▶ [TASK OBJECTIVE]: Pictures excluded, output the lines of the data below between the one holding "Pharrell Williams exits" and the one holding "Scratch-Free Scrub Daddy Dye Free", inclusive, exactly as they stand.
BEGIN RECORDS FOR THE EXERCISE
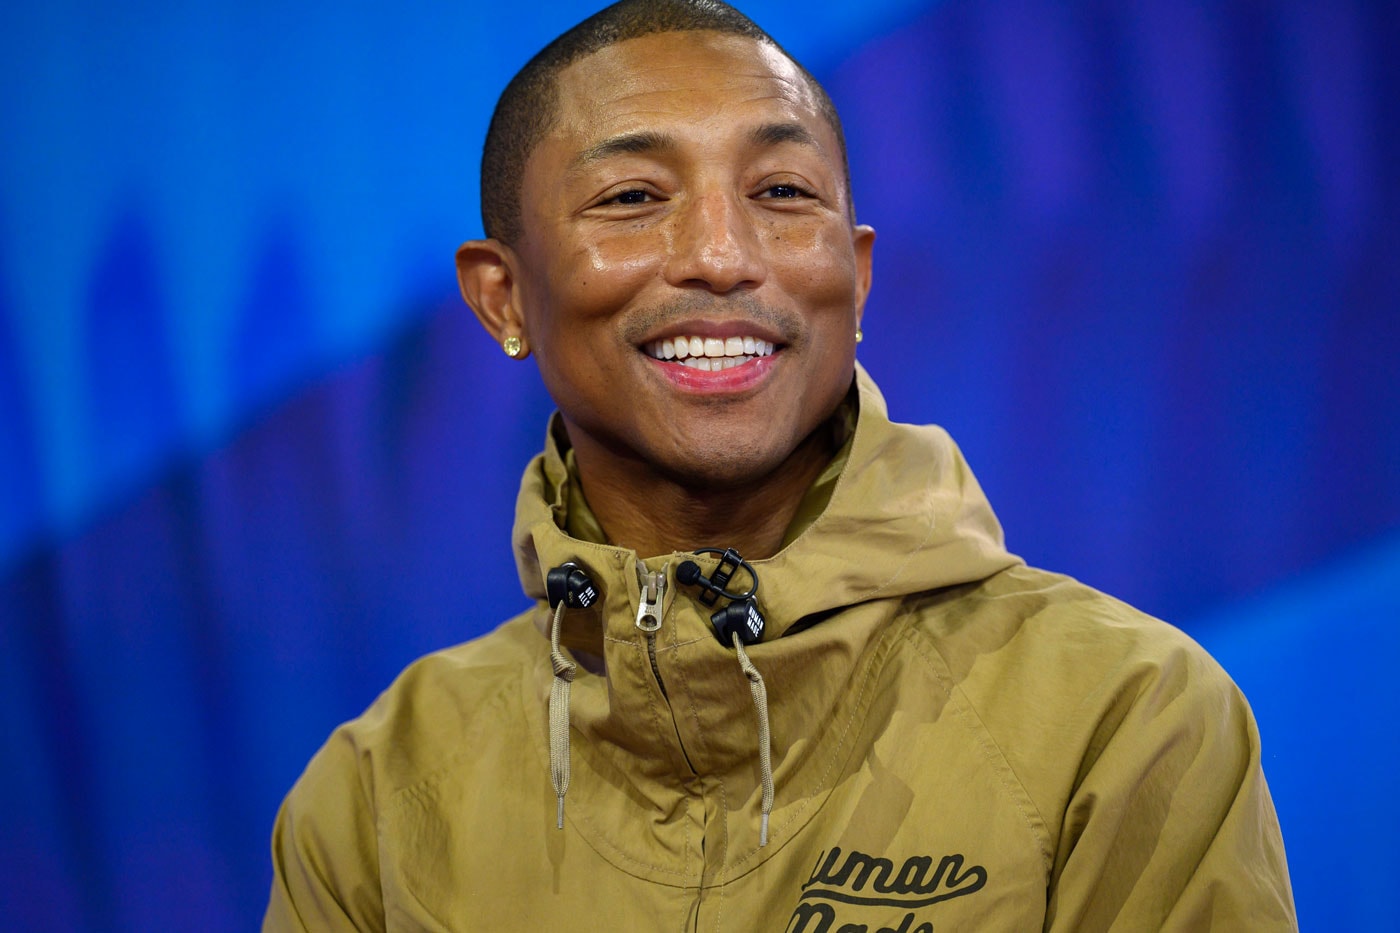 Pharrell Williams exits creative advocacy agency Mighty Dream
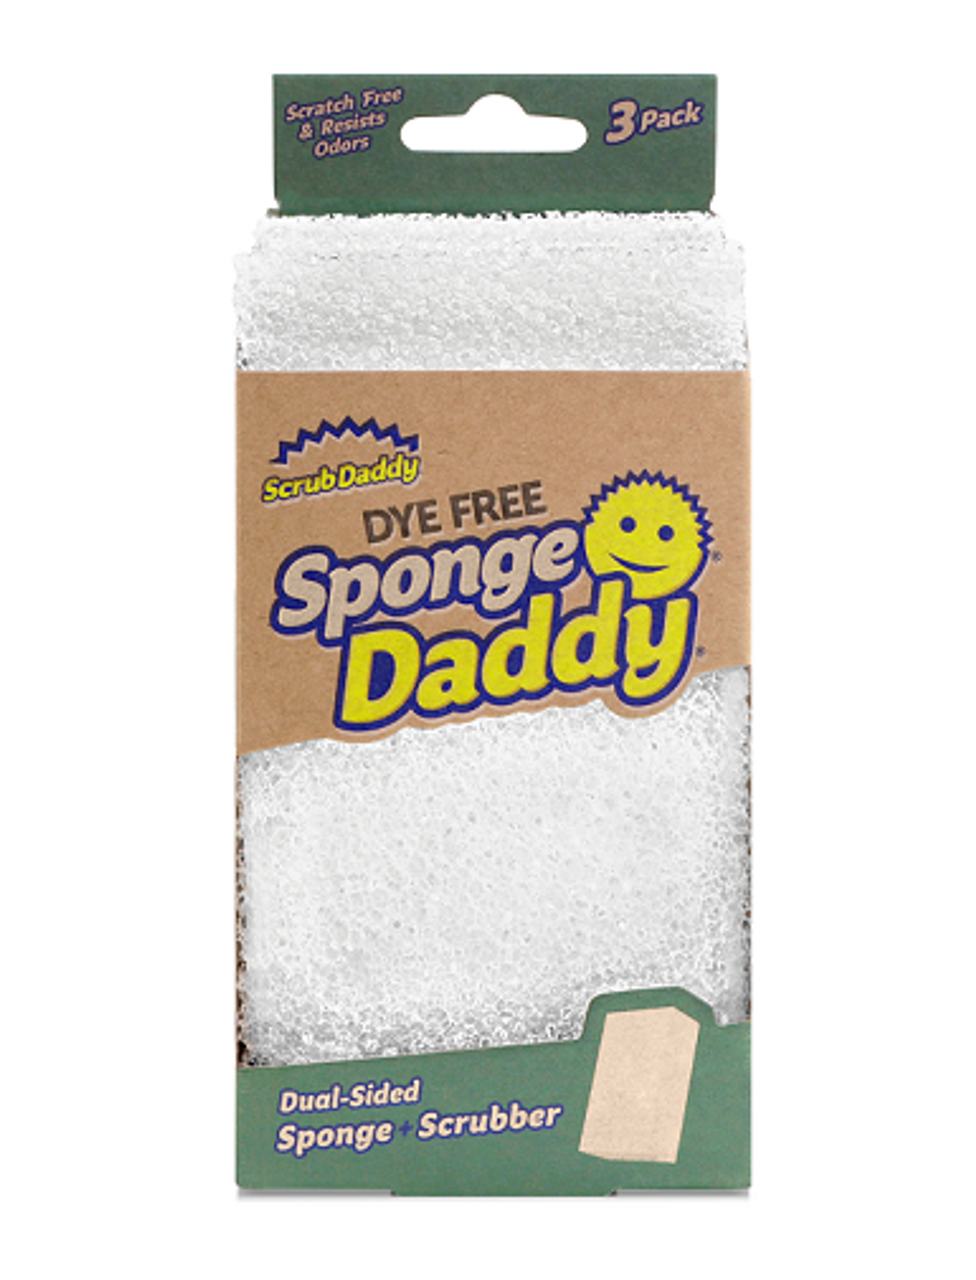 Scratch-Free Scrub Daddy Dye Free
END RECORDS FOR THE EXERCISE
BEGIN RECORDS FOR THE EXERCISE
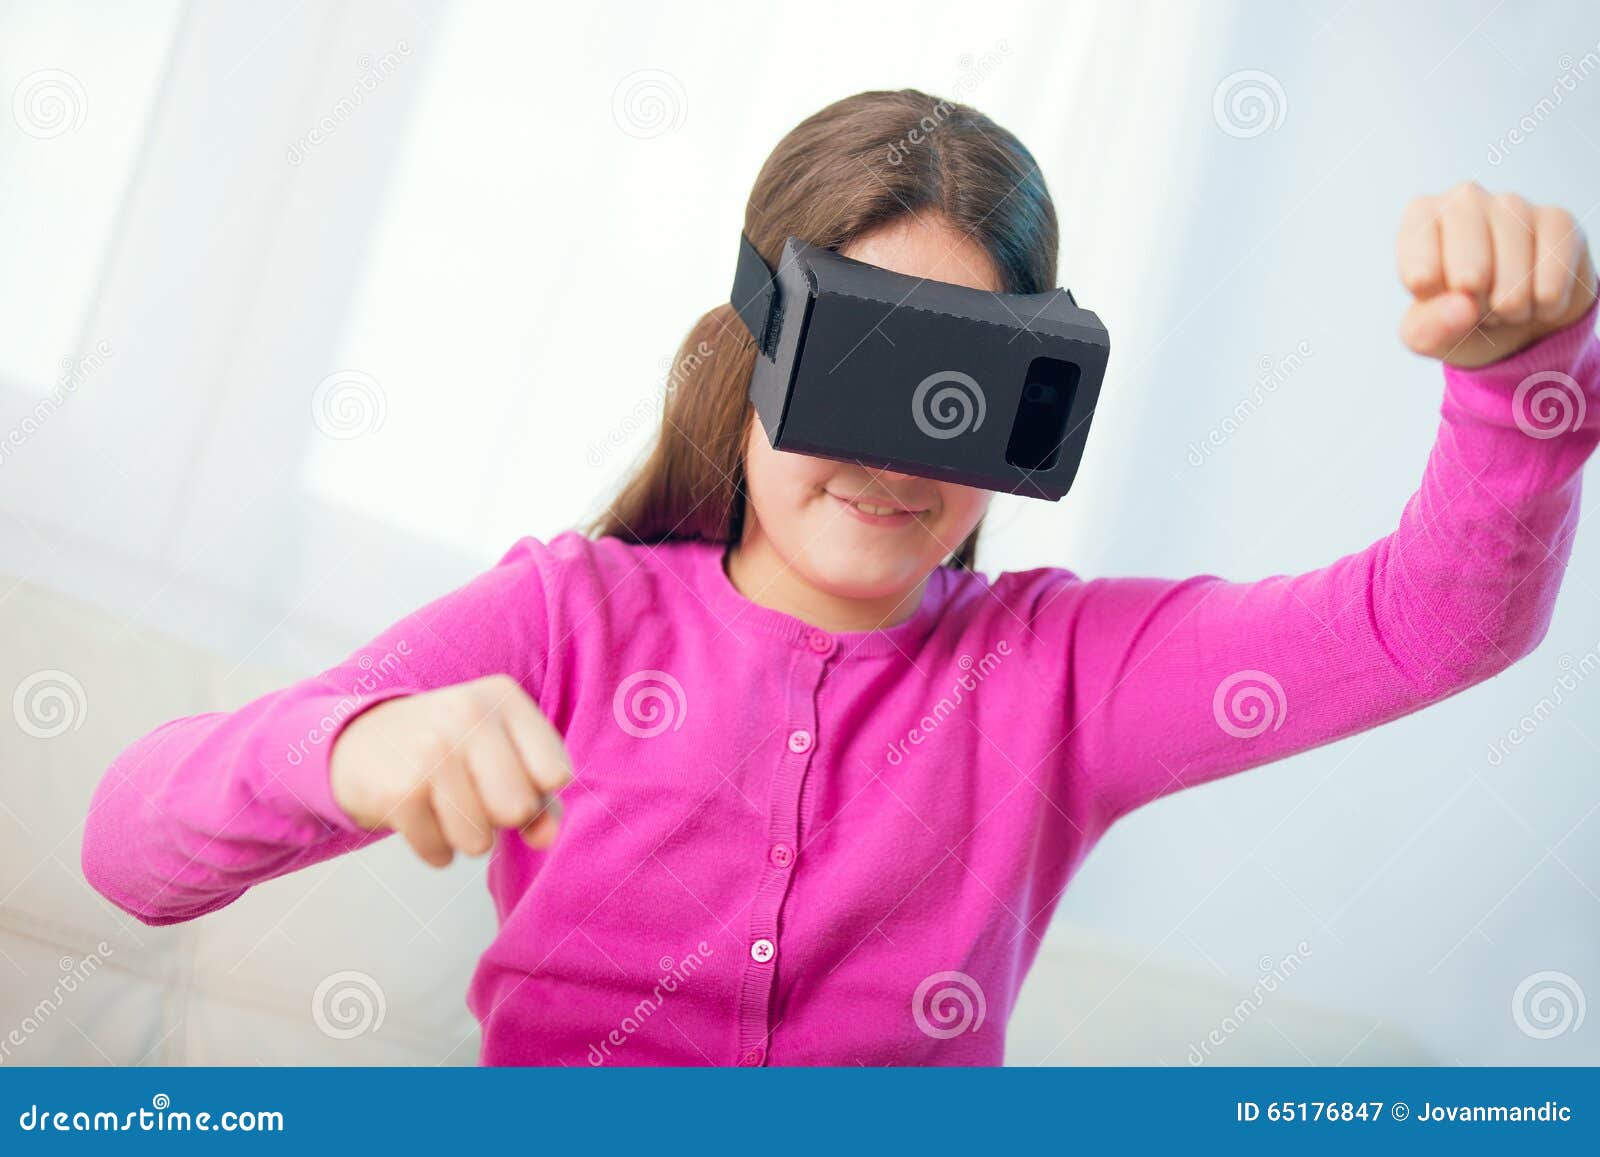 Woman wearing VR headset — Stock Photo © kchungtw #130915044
END RECORDS FOR THE EXERCISE
▶ [SOLUTION BELOW]:
 Pharrell Williams exits creative advocacy agency Mighty Dream
 Scratch-Free Scrub Daddy Dye Free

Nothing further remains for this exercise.